Why the City should vote Labour in the EU elections
AFTER over 30 years of working for world-leading financial institutions, I know that most people working in the City think of the Tories as both better for them personally through low income taxes, and more pro-business generally.
But the facts have changed. Today, if you work in the City and vote Conservative, let alone Ukip, you are casting a vote that could potentially destroy the very City which is your living. If Britain leaves the EU, the successful business model of the City will collapse. The City today owes its position to being inside the single market, able to do business across the EU as a home market, and be the global leader in trading the euro and euro-denominated securities.

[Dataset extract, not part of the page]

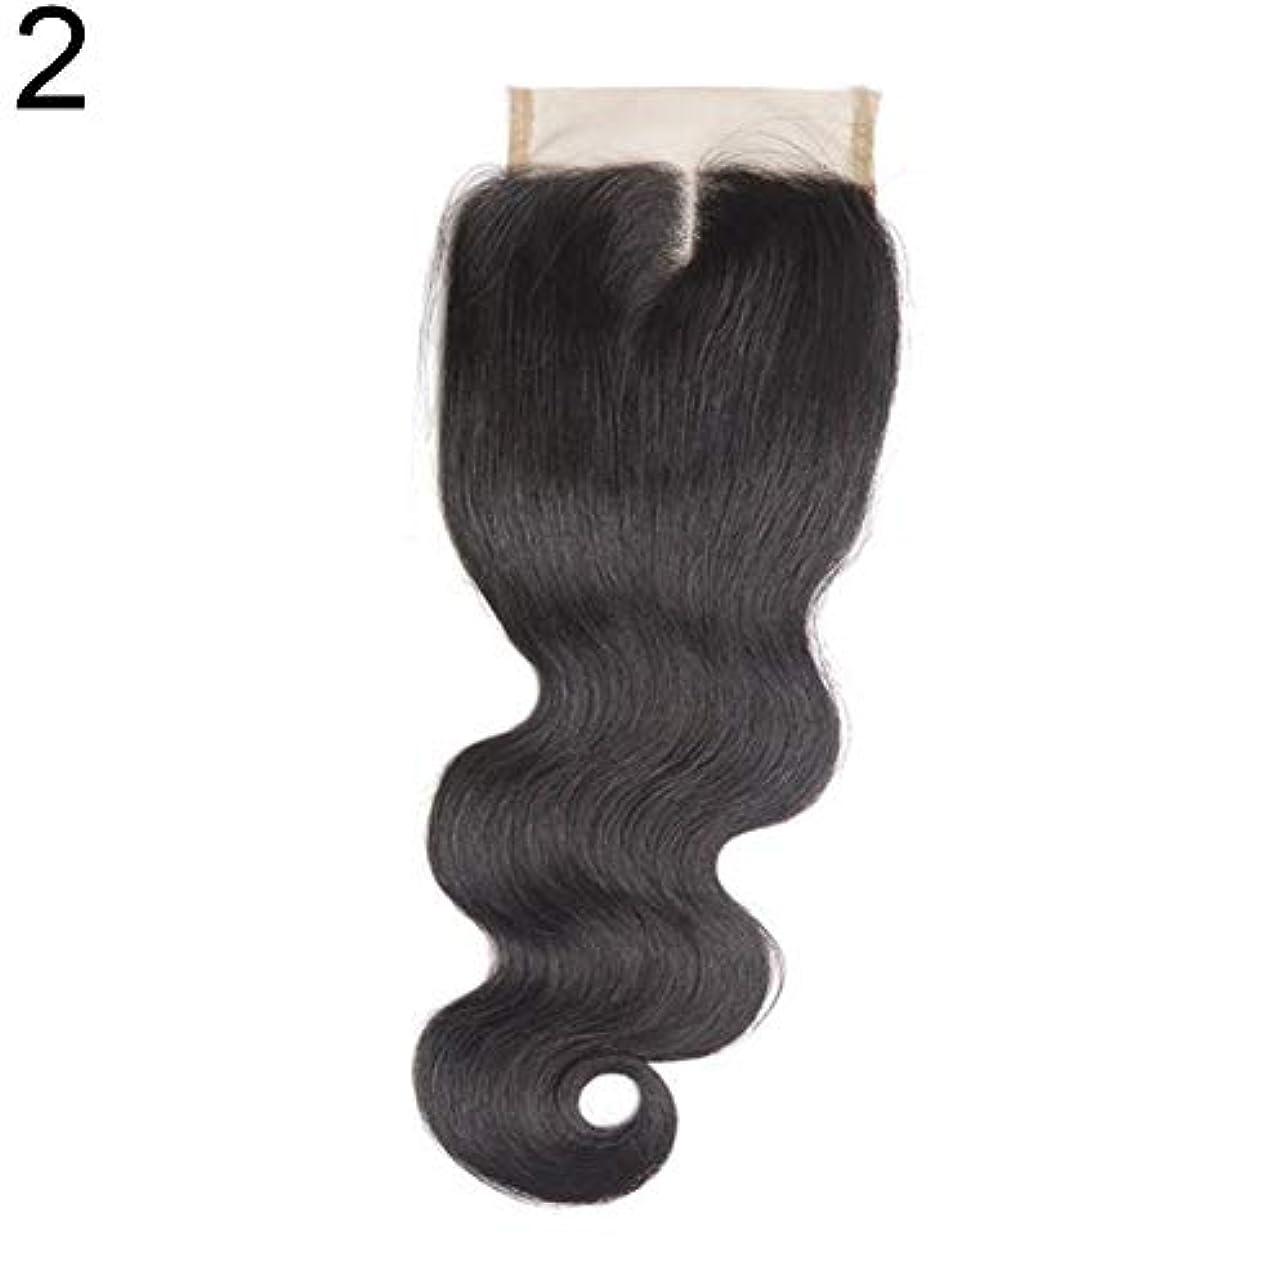 抜け目のないネイティブ実際slQinjiansav女性ウィッグ修理ツールブラジルのミドル/フリー/3部人間の髪のレース閉鎖ウィッグ黒ヘアピース

David Cameron started out as leader of his party telling his members to “stop banging on about Europe”. But he has been forced by his Europhobe backbenchers and members to tack right and promise a referendum in 2017, which at best causes uncertainty and, at worst, could end in disaster.
Cameron is too scared to put the facts to the country: Britain cannot dictate to the rest of Europe the terms of our membership. The 27 other countries of the EU will not all agree to make changes to EU treaties to give Britain all the benefits of membership but exempt it from any obligations.
The idea that the City could survive outside the EU as a kind of gigantic Jersey or Cayman Islands is fantasy. For a start, Jersey derives much of its business as a feeder to the City within the EU. And the City could not function without being the place where Germans, French, Italians, Poles and our other European friends can move to work, play and pay taxes without having to apply for a visa. These are all the reasons why Ed Miliband has wisely ensured that, unlike the Tories, Labour will not offer an automatic referendum in the next parliament. Labour stands for stability and certainty where others stand for indecision.
We cannot afford to risk our membership of the EU to indulge Europhobes. Cameron and the chancellor have already damaged Britain’s relations with the EU, and deprived us of influence by withdrawing the Tories from the moderate centre-right group in the European Parliament – a group which includes Angela Merkel’s CDU-CSU.
So when you cast your vote in the European elections tomorrow and the general election next year, consider this: if you value your job in the City and want to see the City continue prosper as Europe’s premier financial centre, there is now only one party left you can vote for to assure the City’s future: the Labour Party.
Tom Brown is a committee member of Labour in the City, and a former managing director at NordLB and Deutsche Bank.